The question is whether Sri Lanka can rely on Mahinda Rajapaksa, Ranil Wickremesinghe and Maithripala Sirisena to do anything to pull the country, or at least start pulling the country out of its current morass? Admittedly, Rajapaksa is not part of the governing partnership between Wickremesinghe and Sirisena, but his relationship with either of the two implicates the functioning of the partnership, and even the government as a whole. That in effect was President Sirisena’s cabinet complains two weeks ago not just for his ministers to hear but for the whole country to know. Not that the likelihood of a silent understanding between the Rajapaksa clan and the higher echelons of the UNP was not known all along, but the President saying it set off a flurry of speculations about the relationship between the President and the UNP, and the future of the unity-government itself.
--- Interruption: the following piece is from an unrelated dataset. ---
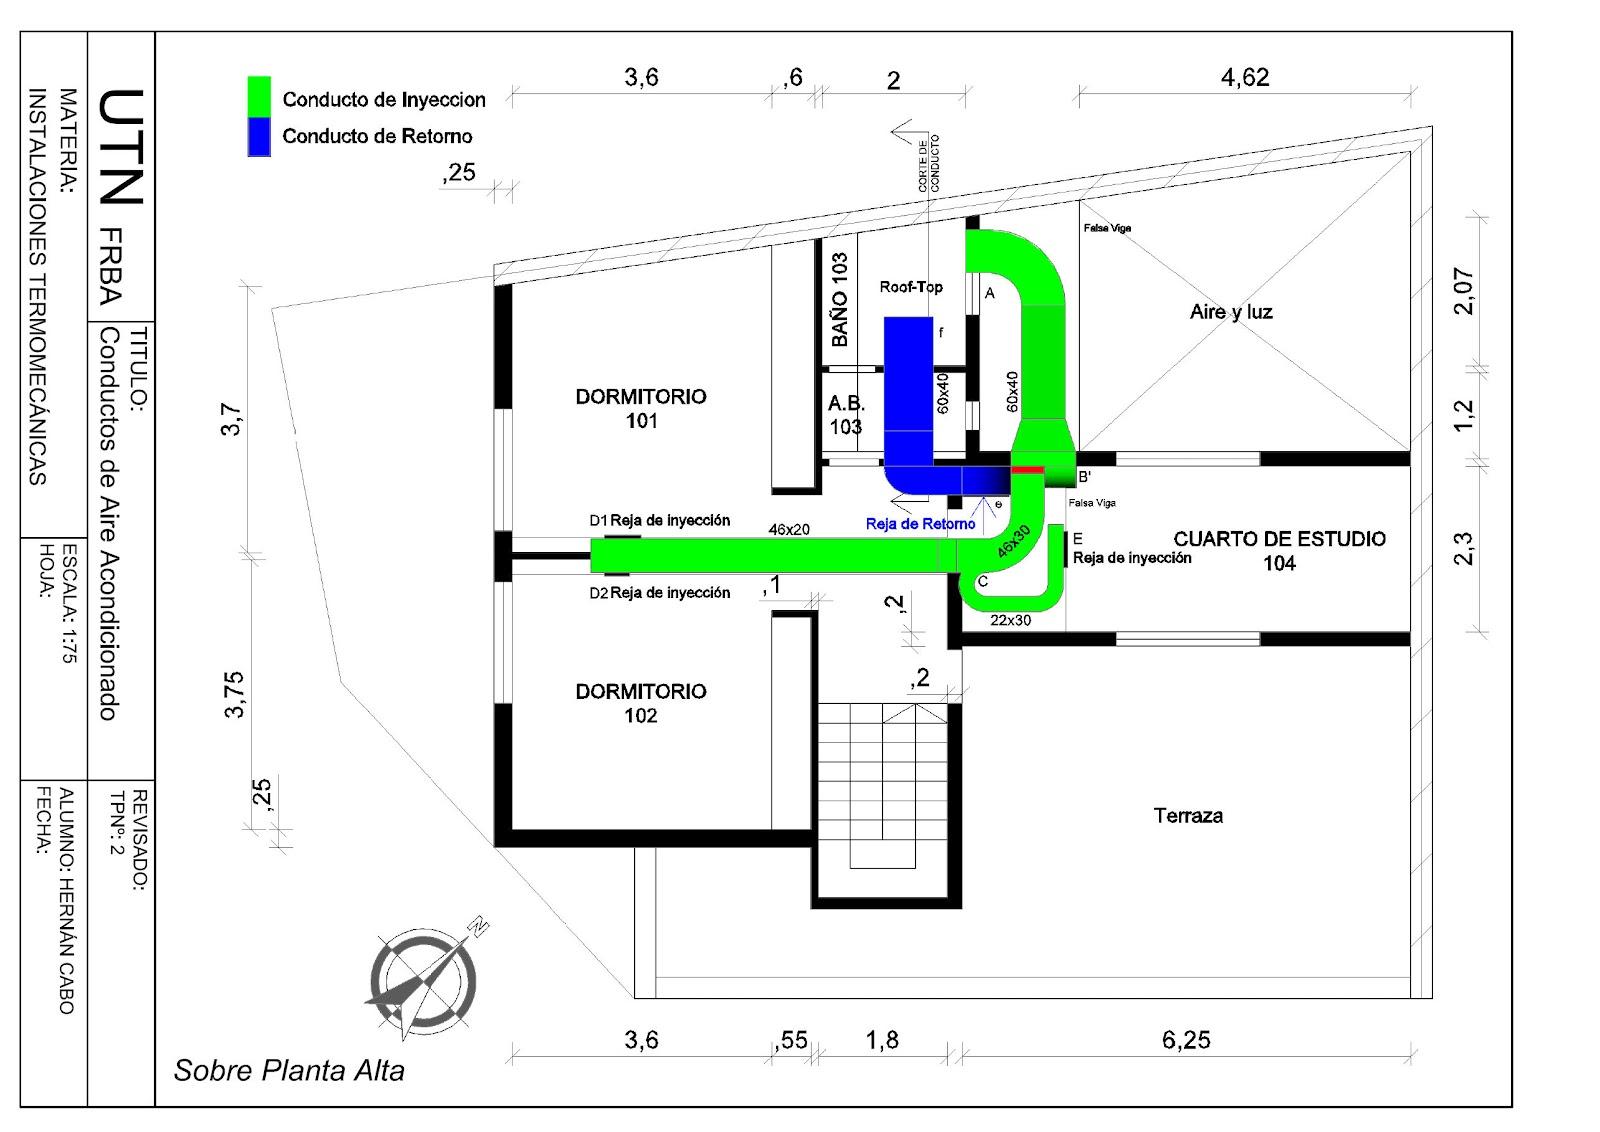 detalles constructivos cad  instalaci u00f3n domiciliaria de

The President’s complain may not have surprised anyone, but his disclaimer on corruption investigations convinced no one. His boast at the cabinet meeting – that if things were left to him he would have done everything in three months, is just that – a boast. You don’t need a long memory to remember that only October last year President Sirisena publicly took to task officials in the CID, FCID and the Bribery Commission for their allegedly disrespectful handling of Gotabaya Rajapaksa and Navy Commanders over allegations of abuse of authority and financial misdemeanours in Avant-Garde enterprise.
Political calculations are considered to be the main reason for the general lack of progress in corruption investigations, even total inaction in some instances. As generally understood, the UNP’s calculation in protecting the Rajapaksas and giving them political space is to keep the SLFP divided and benefit the UNP electorally. To President Sirisena, protecting military officials from investigation is necessary to counter the patriotic claims of the Rajapaksas. The political hypocrisy in this triangular relationship is quite transparent. What may not be readily apparent is the cultural common ground over corruption.
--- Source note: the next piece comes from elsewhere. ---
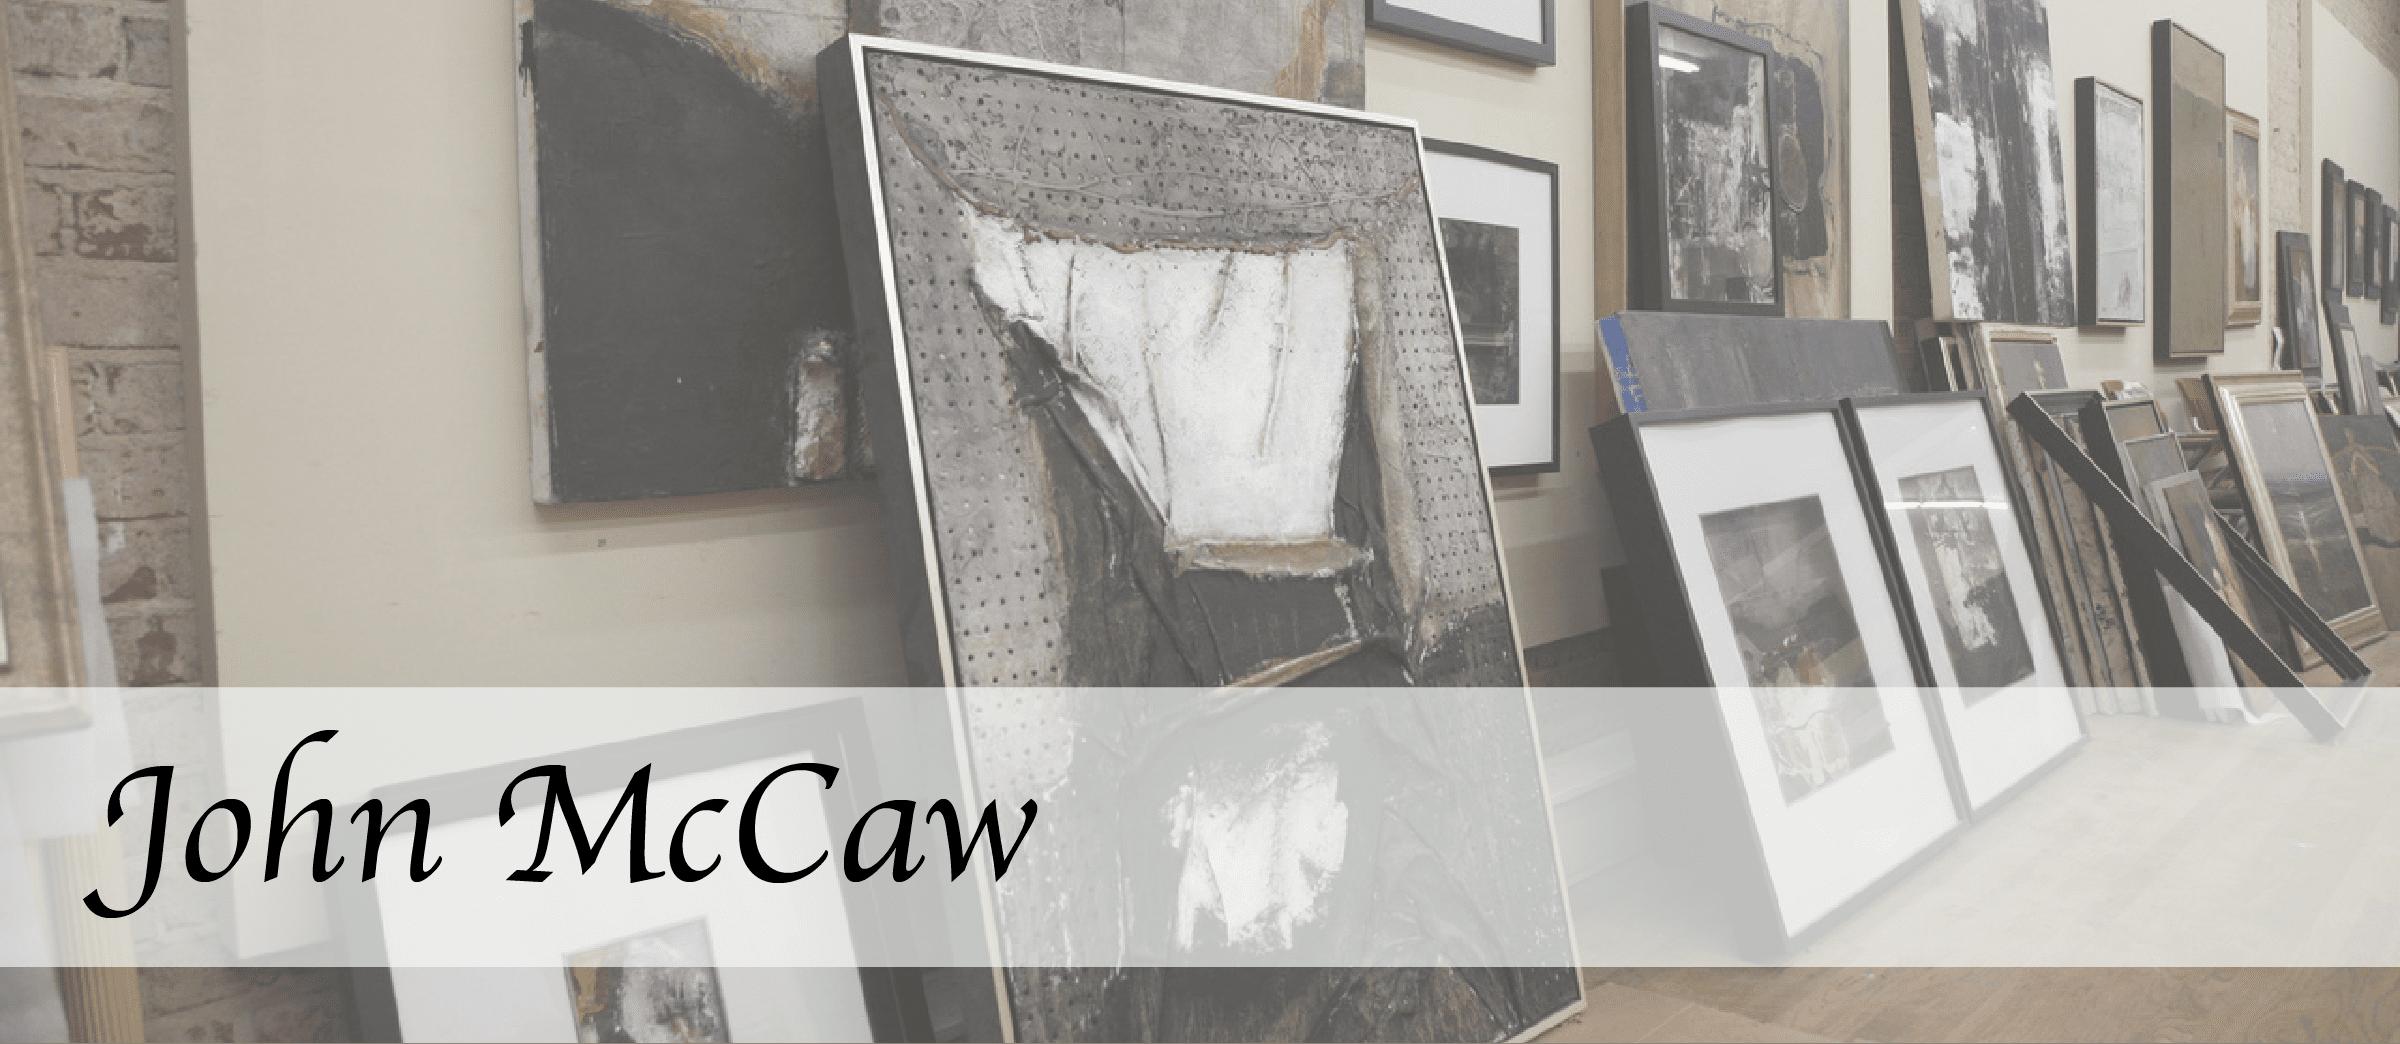 McCaw_John_Banner

It is the culture of quid pro quo – I will scratch your corrupt back, and you mine, that seems to be the real roadblock against corruption investigations. The Central Bank and the Avant-Garde cases are disturbing illustrations of this culture. To wit, no one in the UNP was keen on going after the Central Bank shenanigans under the Rajapaksas, so long as the UNP could carry out its on shenanigans at the bank. The UNP’s bond scam was a bit too much to escape notice, putting it very, very mildly, but the point is that the Rajapaksas have pointedly avoided criticising the UNP leadership over the bond scandal.
While the bond scam has got its comeuppance under a commission of inquiry, there is nothing to write about the on-again, off-again investigations into the killings of Lasantha Wickrematunga and Wasim Thajudeen. In his cabinet outburst, President Sirisena is said to have specifically referred to the two murder investigations and wanted results in three months. Three months are a long time- if it is political interference that is preventing police from proceeding to trial in these two cases. If the President and the Prime Minister cannot act to stop political interference in two high profile cases, what else can they be trusted to act upon? Why are those interfering with police work not being isolated and exposed? And what will prevent police from being selective and discretionary in the investigation of other crimes, if political interference were to succeed in the Wickrematunga and Thajudeen murder investigations?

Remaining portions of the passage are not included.